### Dataset section
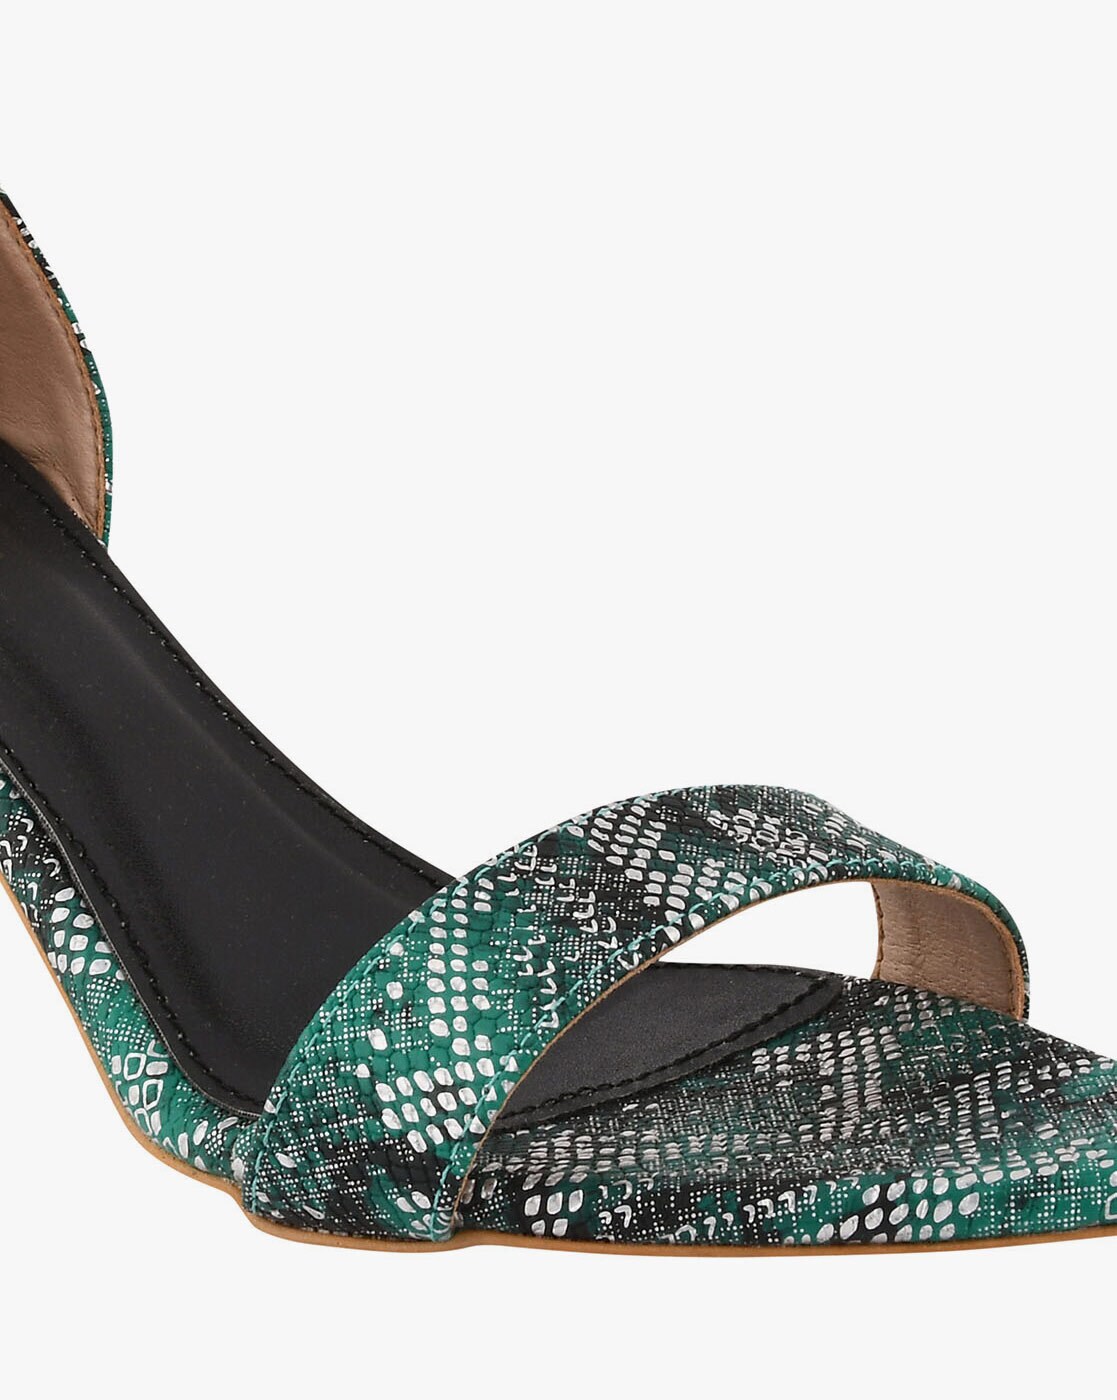 Women's High Heels Shoes | Women's Elegant Shoes | Shoes High Heel Green -  7.5/10cm - Aliexpress
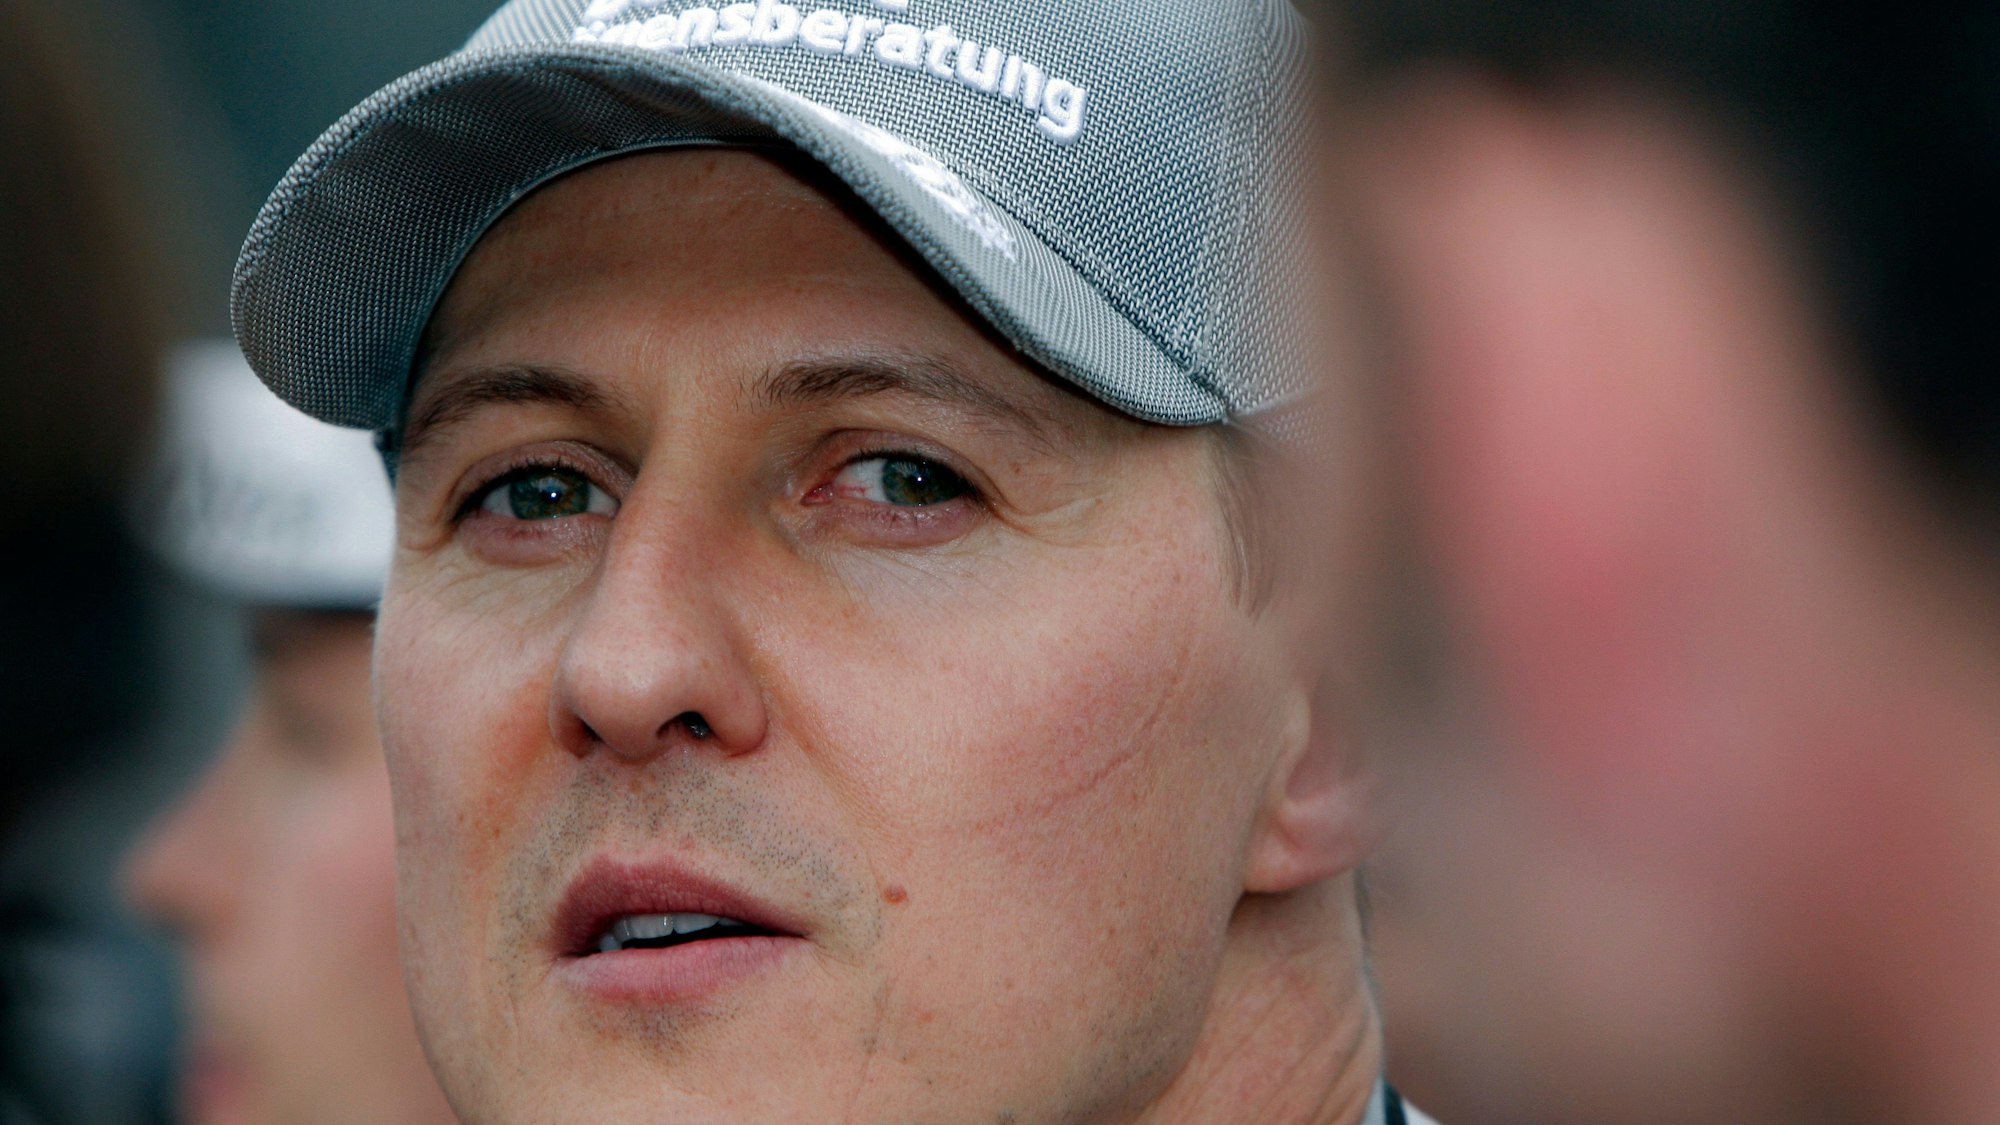 Michael Schumacher blickt kurz vor dem Start eines Formel-1-Rennens in die Kamera. Er trägt eine Kappe seines Teams Mercedes. Mit Ferrari wurde Schumacher zwischen 2000 und 2004 fünfmal Formel-1-Weltmeister.
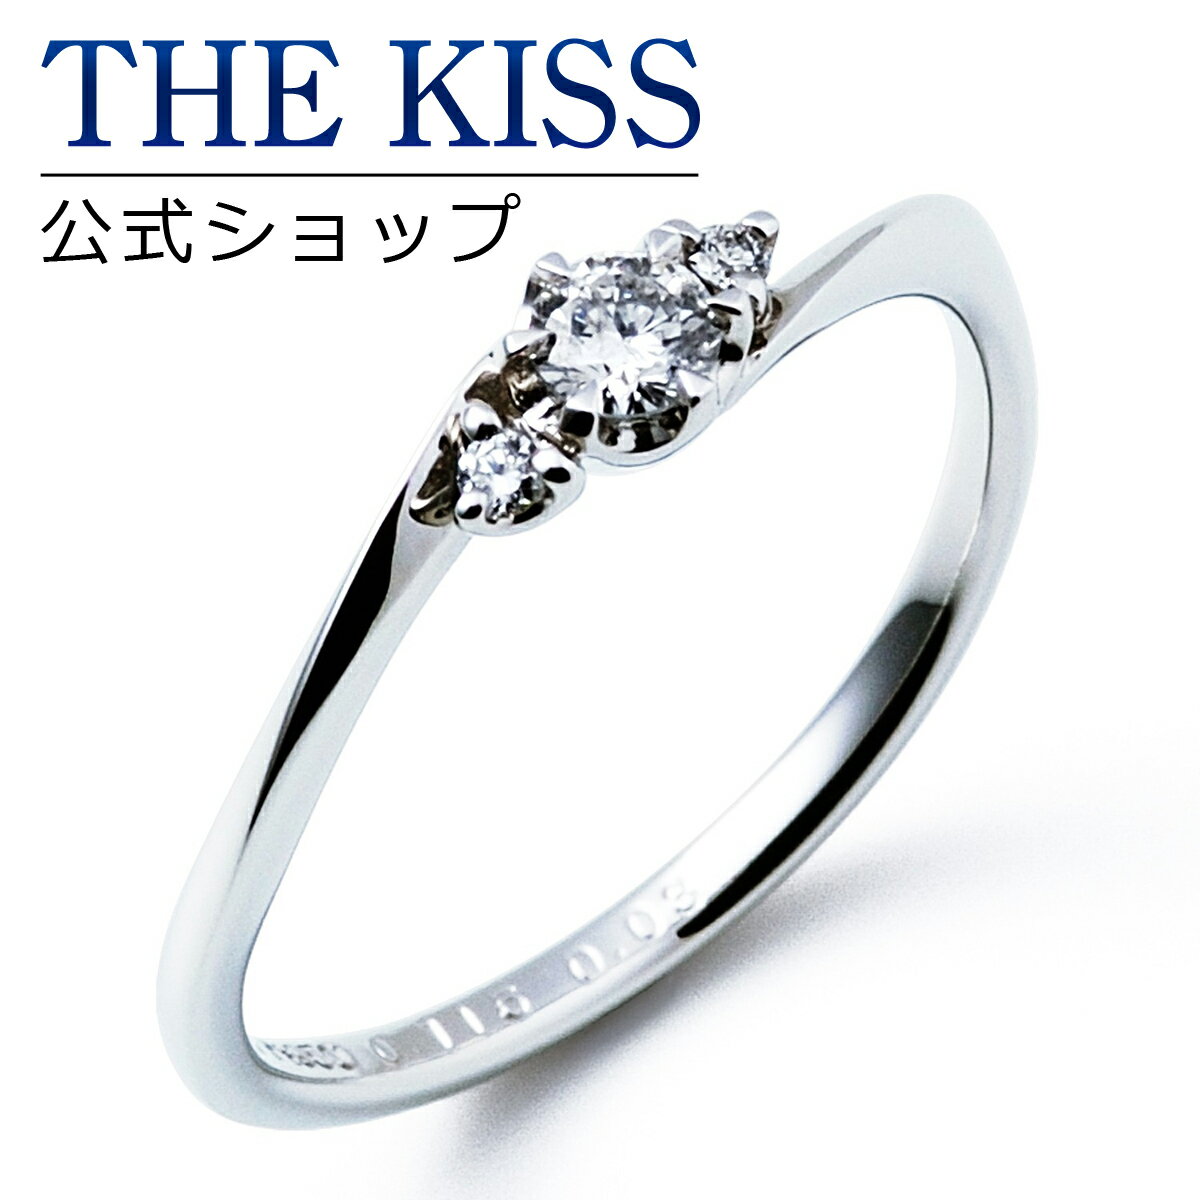 【ラッピング無料】【刻印無料】【THE KISS Anniversary】THE KISS 公式ショップ プラチナ エンゲージリング 婚約指輪 結婚指輪 ブライダルリング プロポーズ THE KISS ザキッス 指輪 6061109120 シンプル 母の日 鑑定書付 ダイヤモンド【0.20ct F VS2 EX】
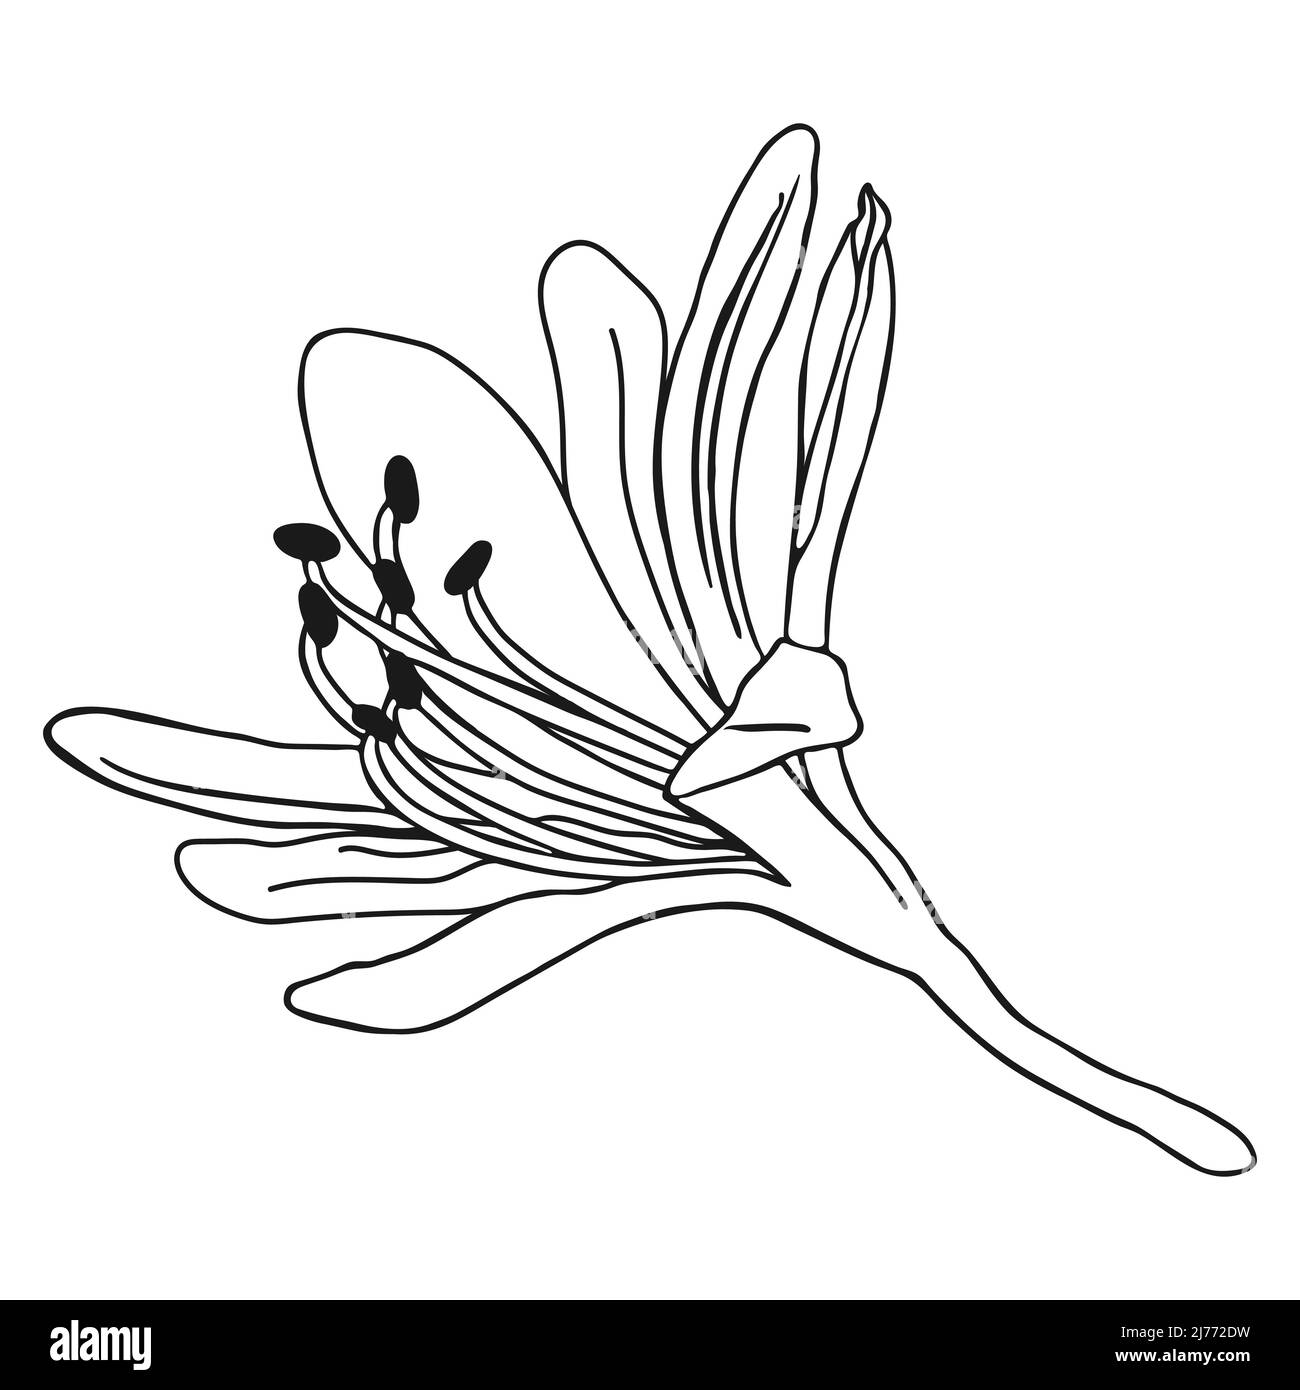 Magnifique croquis de fleurs de nénuphars. Dessin de lys de Doodle. Dessin simple à la main d'une fleur. Contour noir. Illustration vectorielle. Illustration de Vecteur

### Problem requirements
After locating the line that holds "ダイヤモンド【0.20ct F VS2 EX】", output exactly the lines from it through the last line of the material above, inclusive, without pictures.

### Your response
 【ラッピング無料】【刻印無料】【THE KISS Anniversary】THE KISS 公式ショップ プラチナ エンゲージリング 婚約指輪 結婚指輪 ブライダルリング プロポーズ THE KISS ザキッス 指輪 6061109120 シンプル 母の日 鑑定書付 ダイヤモンド【0.20ct F VS2 EX】
 Magnifique croquis de fleurs de nénuphars. Dessin de lys de Doodle. Dessin simple à la main d'une fleur. Contour noir. Illustration vectorielle. Illustration de Vecteur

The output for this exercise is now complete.